Biggest winner: Bank of America.
Donald Trump and the big banks appears to be this year’s biggest story of unrequited love.
While Trump has accused Wall Street of trying to ruin the country on the election trail, investors banking on the fact that the next president will be good for nation’s biggest lenders.
Between election night and Monday’s close, the five biggest U.S. banks, which include Bank of America, Citigroup, Goldman Sachs, J.P. Morgan Chase, Wells Fargo, have gained $127.7 billion in market cap, a 15% increase from their aggregate market cap at the market’s close Nov. 8.
The banks’ Trump gain is roughly equivalent to GDP of Ethiopia and Kenya combined. It’s also nearly equal to the market cap of Pepsi, the 119-year old snack and beverage company that’s CEO last week said that Trump’s presidential win has left her female employees asking if they are safe.

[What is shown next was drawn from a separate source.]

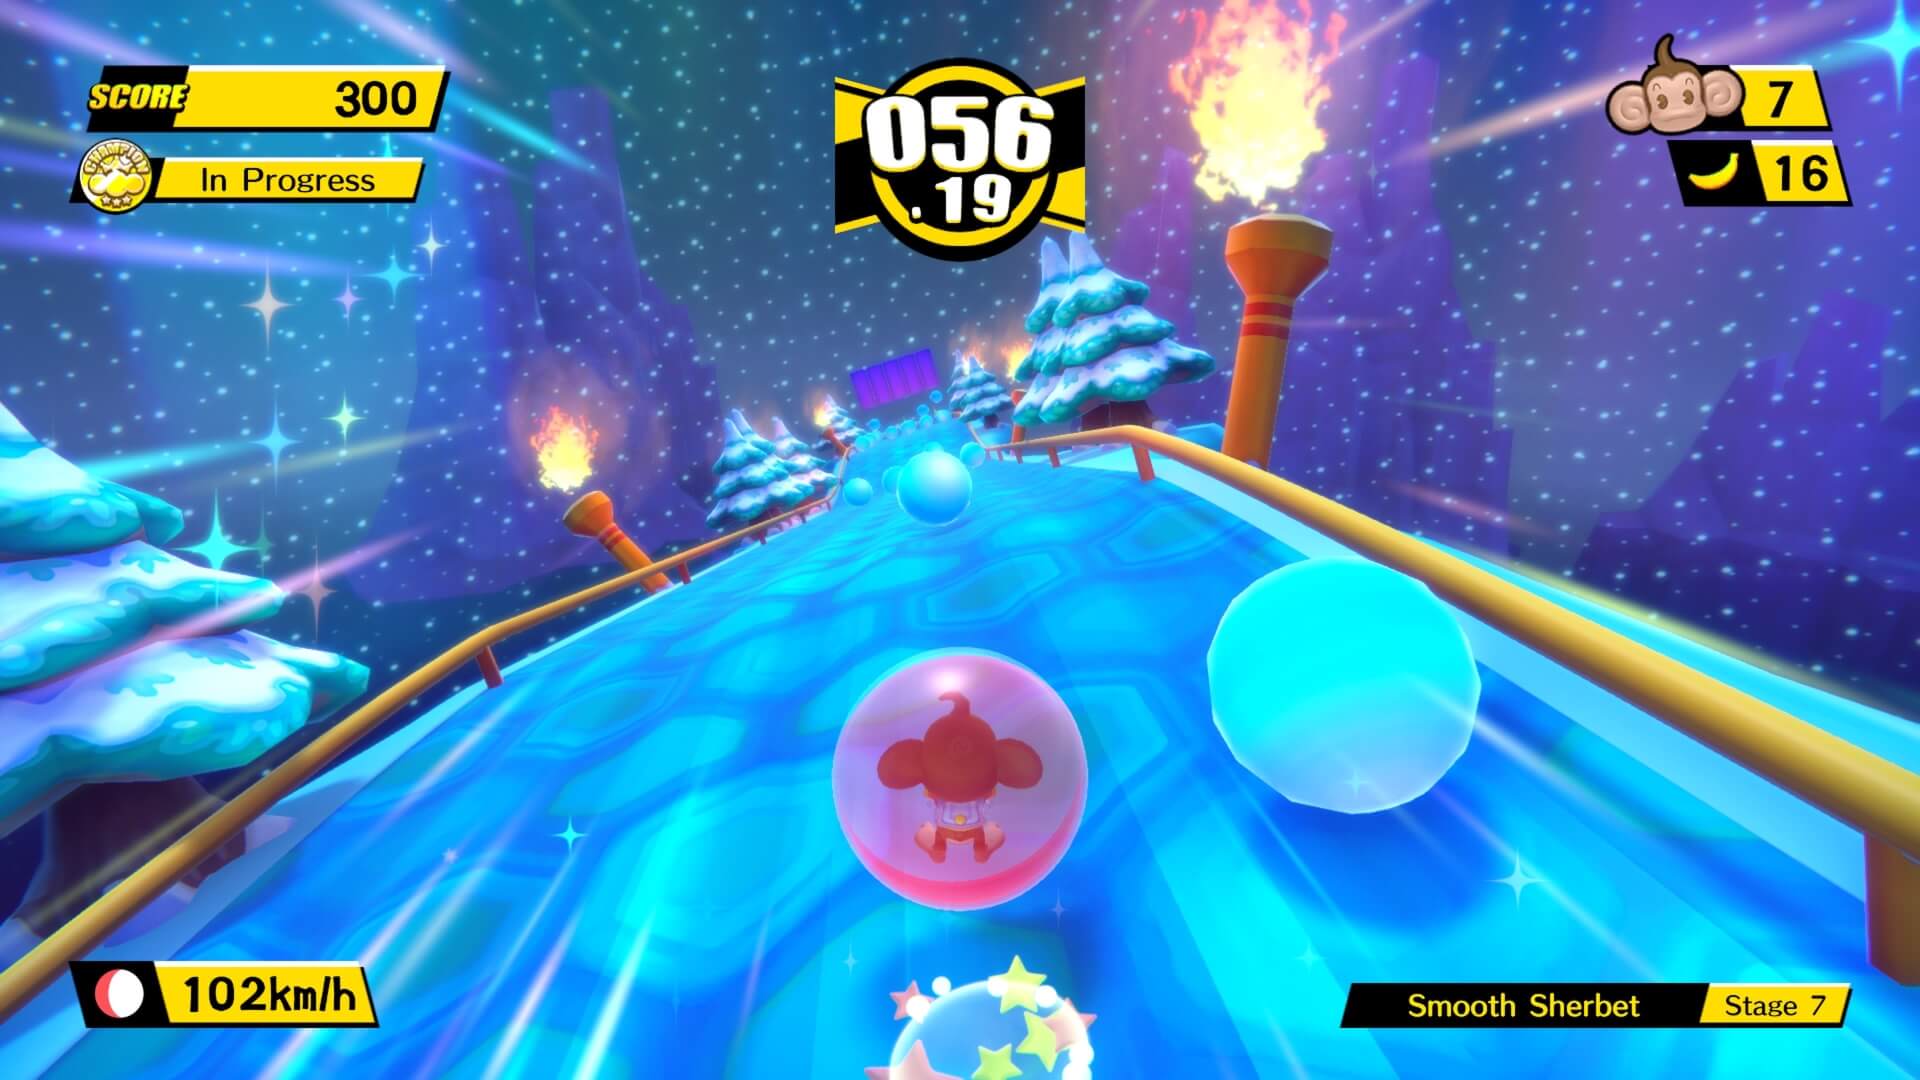 One of the Smooth Sherbet levels in Super Monkey Ball: Banana Blitz HD

All told, the nation’s five largest banks are now worth nearly $1 trillion, which is slightly less than the GDP of Mexico, the world’s 15th largest economy.
The big banks’ gains moderated slightly when the market opened on Tuesday as the Trump rally began to fade, nonetheless by mid-day most of the big banks were only down slightly, and Goldman Sachs, that’s CEO last week tried to mend ties with Trump, was up slightly. The biggest winner was Bank of America, which is up 18% since election, or a market cap of $31 billion.

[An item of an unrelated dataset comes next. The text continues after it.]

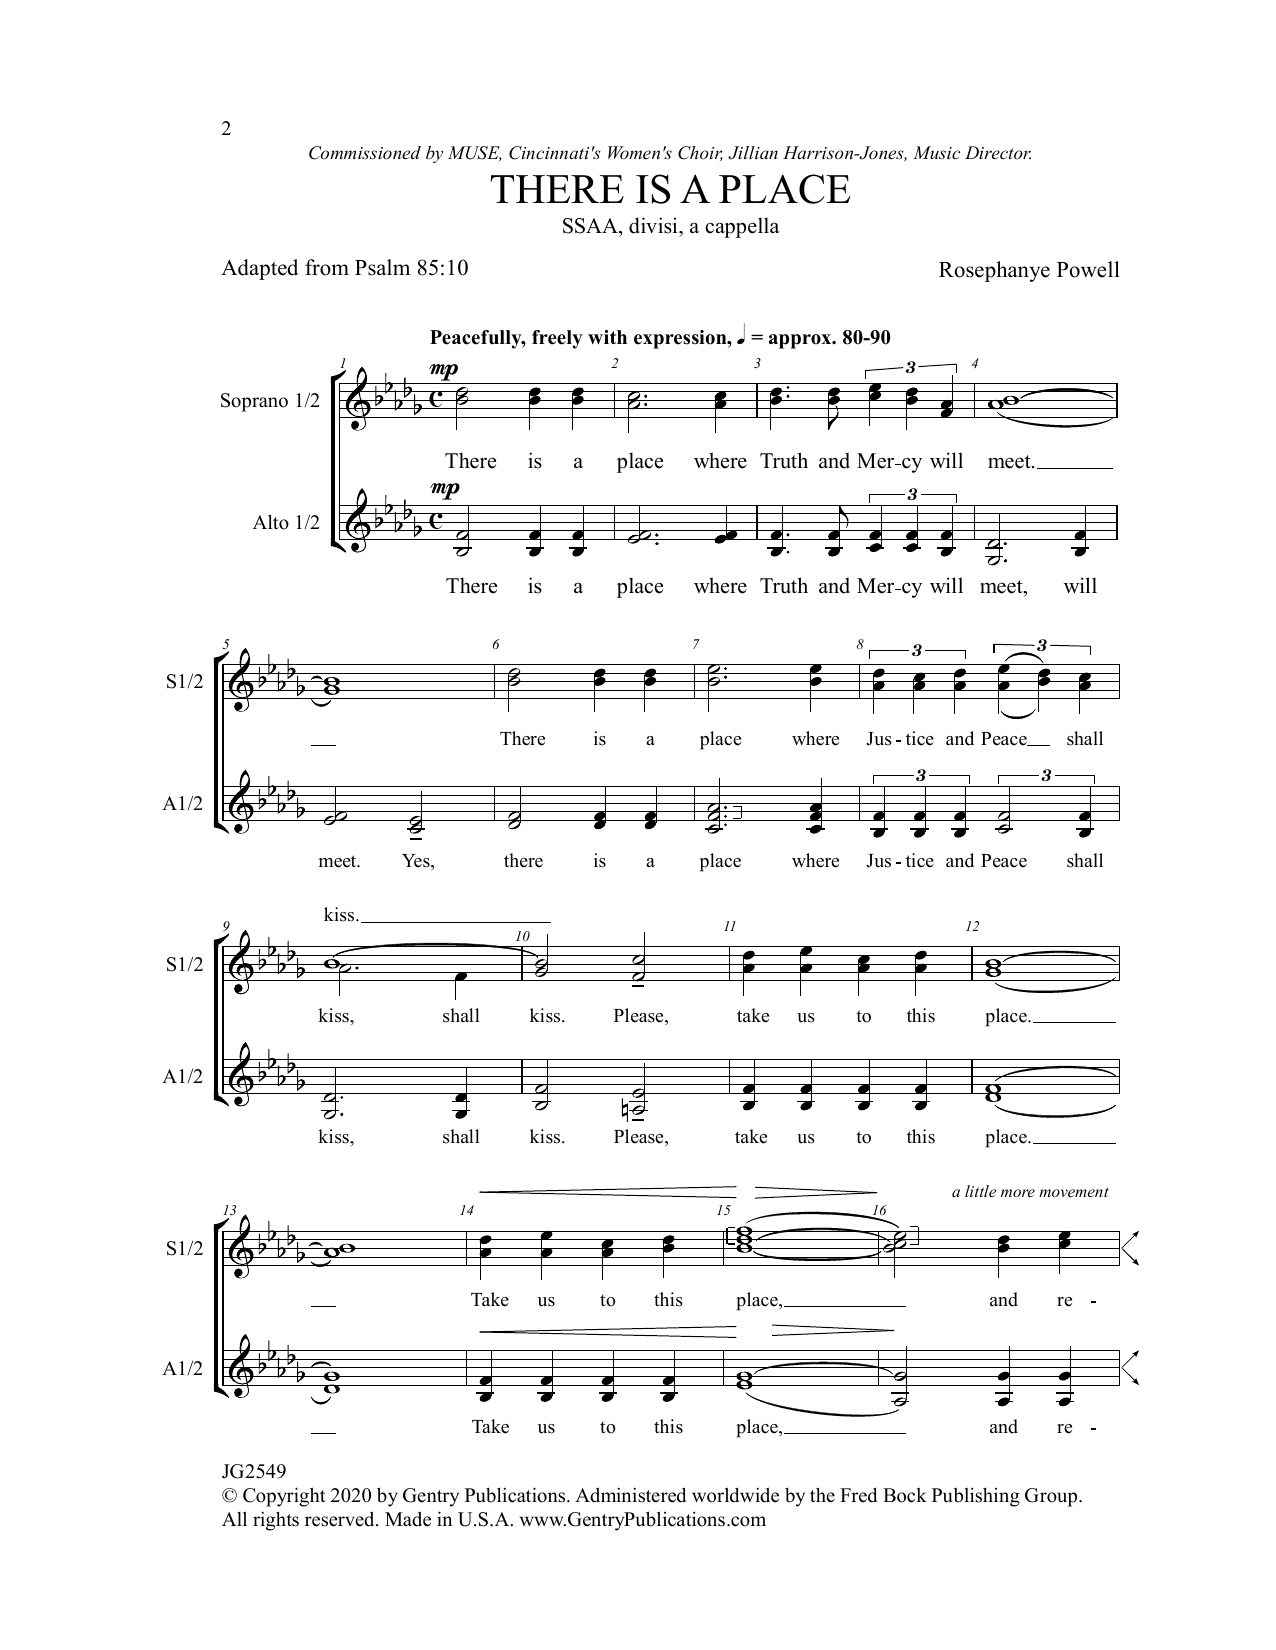 Download Rosephanye Powell There Is A Place Sheet Music

And its not just the five biggest U.S. banks that enjoyed the bump. A wider tracker of the financial industry, the Financial Select Sector SPDR Fund has gained some 10% since Nov. 8.
Investors are expecting Trump to be friendlier to banks than President Barack Obama’s administration. Trump has proposed policies to dismantle Dodd-Frank, a move that would ease the regulatory burden and associated expenses for banks. But even if that’s wishful thinking, bank investors may still have reason to cheer. Trump’s plans to increase fiscal spending has boosted bond yields—a change that would support higher revenue for banks currently languishing in a low-interest rate environment.
Already, the bond yield curve, which measures the difference between short-term interest rates and long one, has been rising. And that alone is really good news for banks.